Sometimes having more threads than LWPs, as can happen with unbound threads, is a disadvantage.

For example, a parallel array computation divides the rows of its arrays among different threads. If there is one LWP for each processor, but multiple threads for each LWP, each processor spends time switching between threads. In this case, it is better to have one thread for each LWP, divide the rows among a smaller number of threads, and reduce the number of thread switches.

A mixture of threads that are permanently bound to LWPs and unbound threads is also appropriate for some applications.

An example of this is a realtime application that has some threads with system-wide priority and realtime scheduling, and other threads that attend to background computations. Another example is a window system with unbound threads for most operations and a mouse serviced by a high-priority, bound, realtime thread.

When a user-level thread issues a system call, the LWP running the thread calls into the kernel and remains attached to the thread at least until the system call completes.

Bound threads are more expensive than unbound threads. Because bound threads can change the attributes of the underlying LWP, the LWPs are not cached when the bound threads exit. Instead, the operating environment provides a new LWP when a bound thread is created and destroys it when the bound thread exits.

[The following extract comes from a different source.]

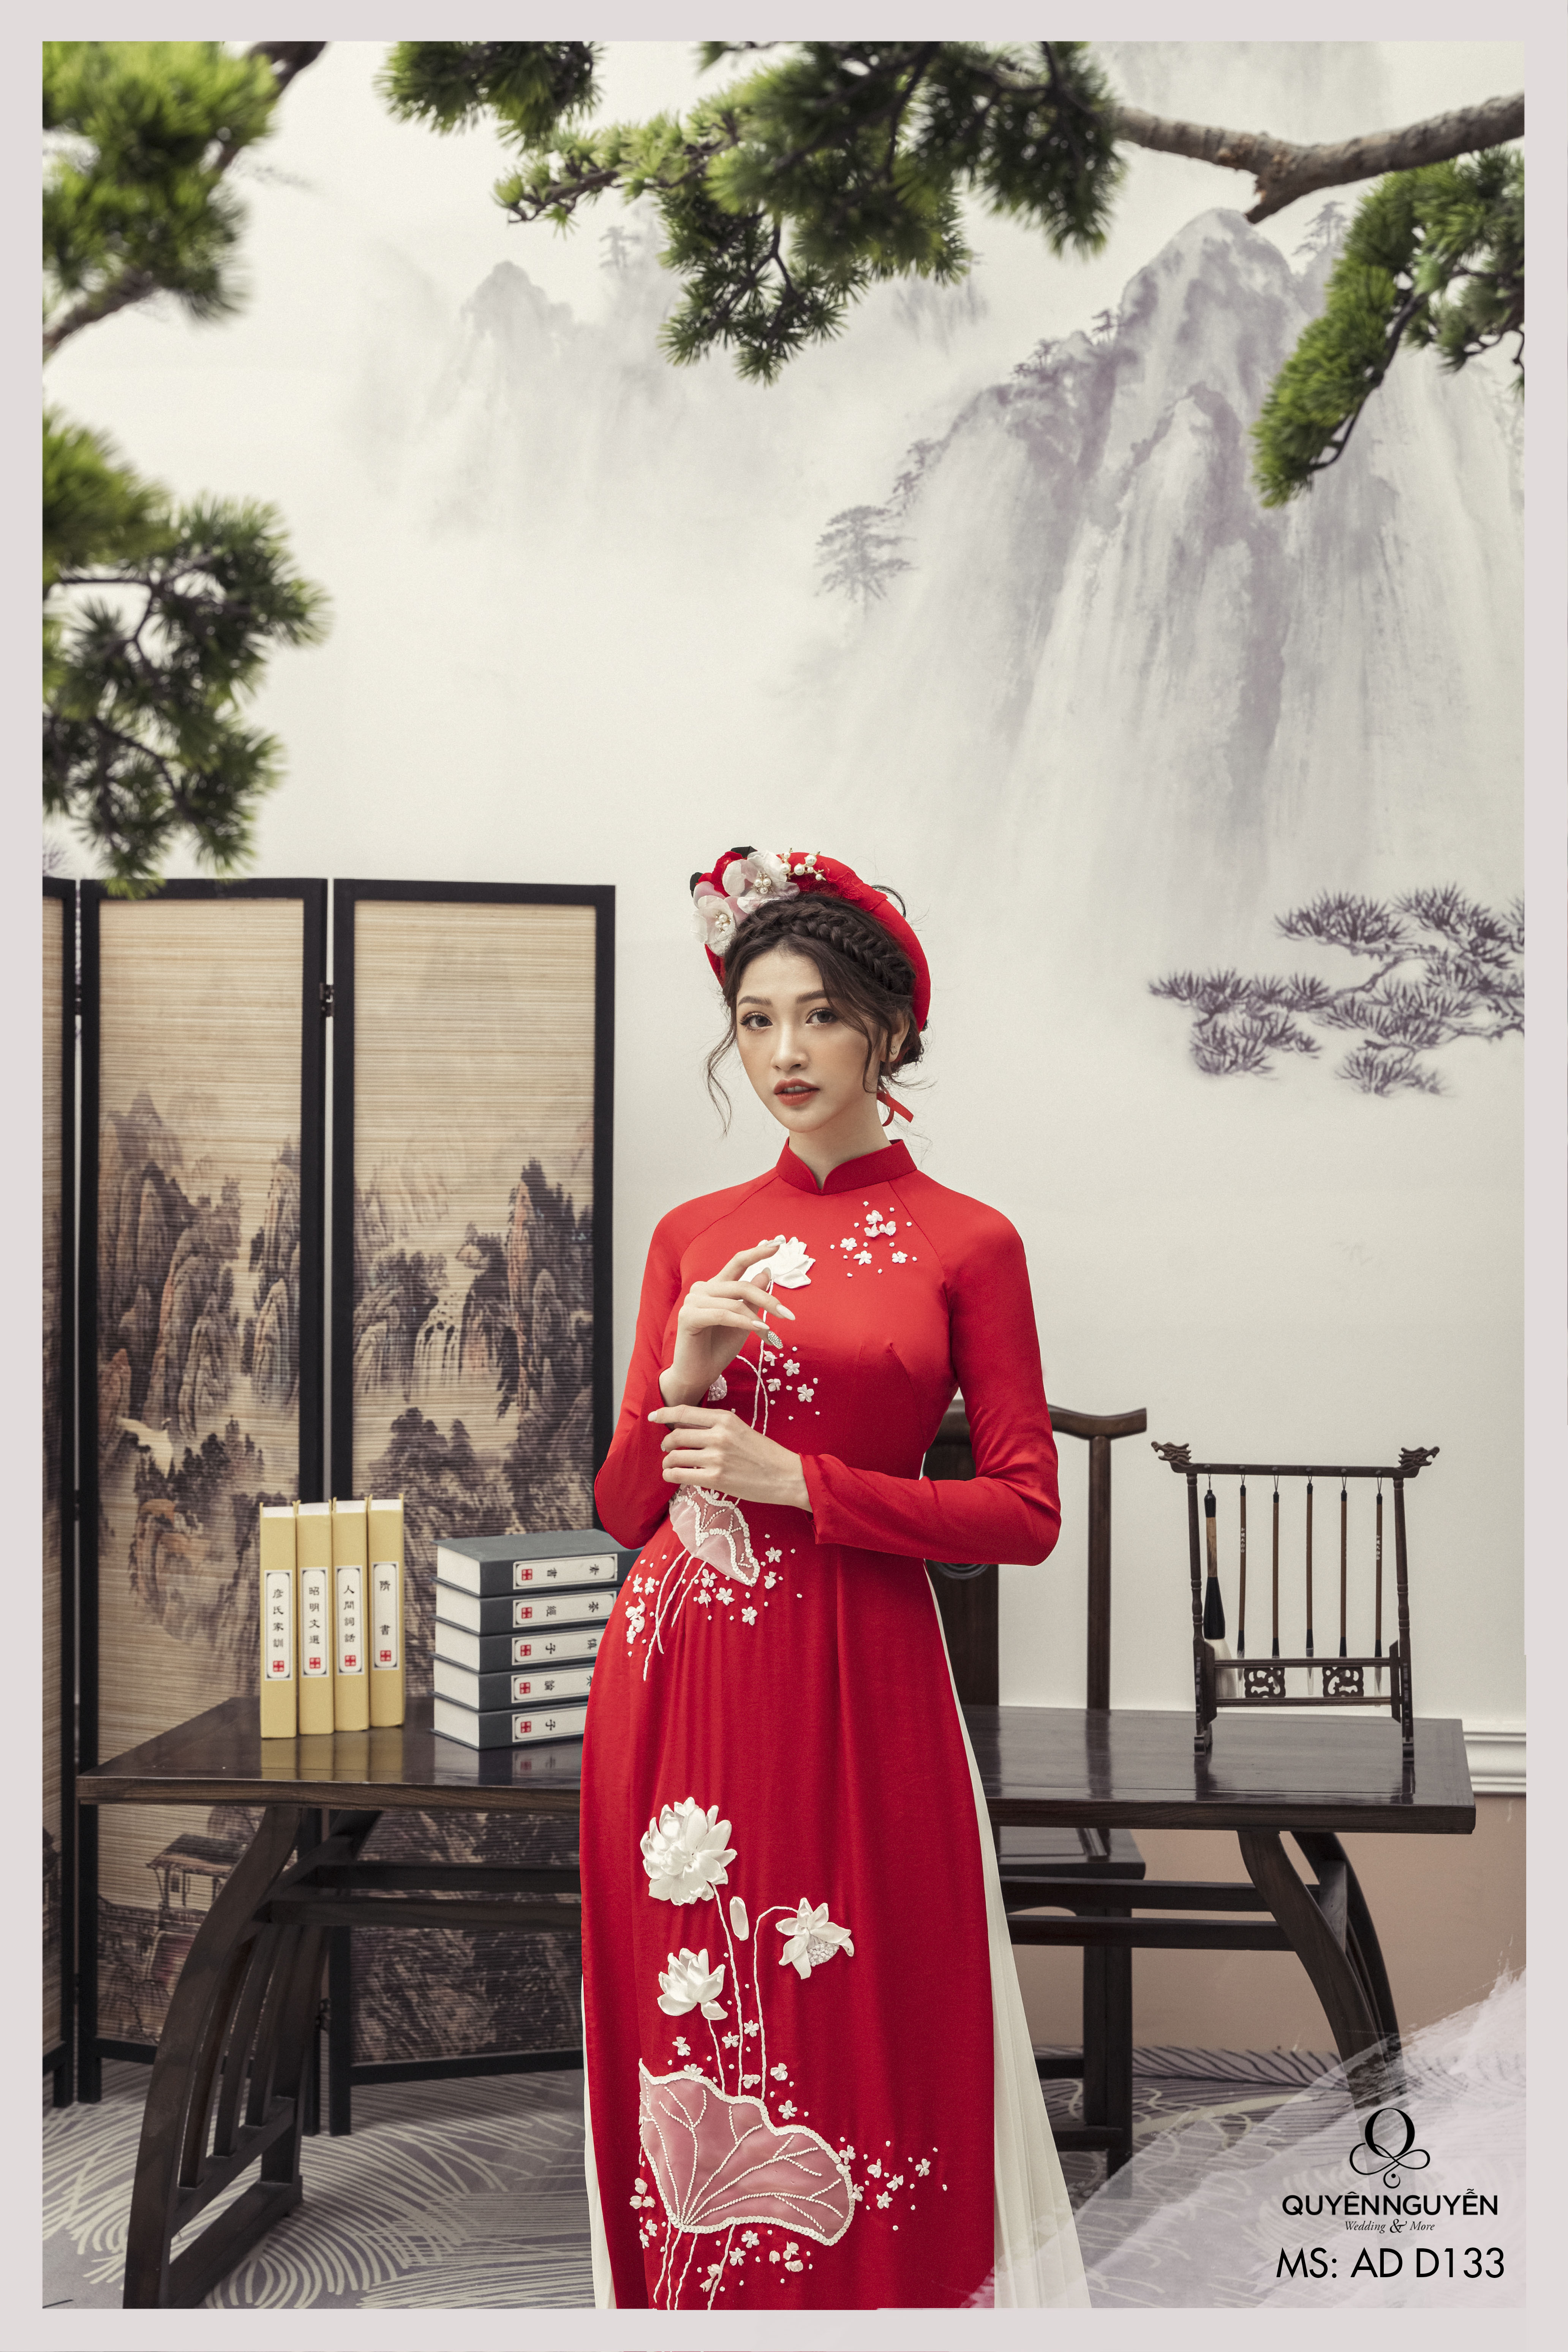 Áo dài hoa sen là một trong những trang phục truyền thống đẹp nhất của Việt Nam. Thiết kế tinh tế với họa tiết sen rực rỡ sẽ làm nổi bật vẻ đẹp và phong cách của bạn. Hãy thưởng thức hình ảnh này và cảm nhận sự thanh lịch và đẳng cấp của áo dài hoa sen.

Use bound threads only when a thread needs resources that are available only through the underlying LWP, such as a virtual time interval timer or an alternate stack, or when the thread must be visible to the kernel to be scheduled with respect to all other active threads in the system, as in realtime scheduling.

Use unbound threads even when you expect all threads to be active simultaneously. This allows Solaris threads to efficiently cache LWP and thread resources so that thread creation and destruction are fast. Use thr_setconcurrency(3T) to tell Solaris threads how many threads you expect to be simultaneously active.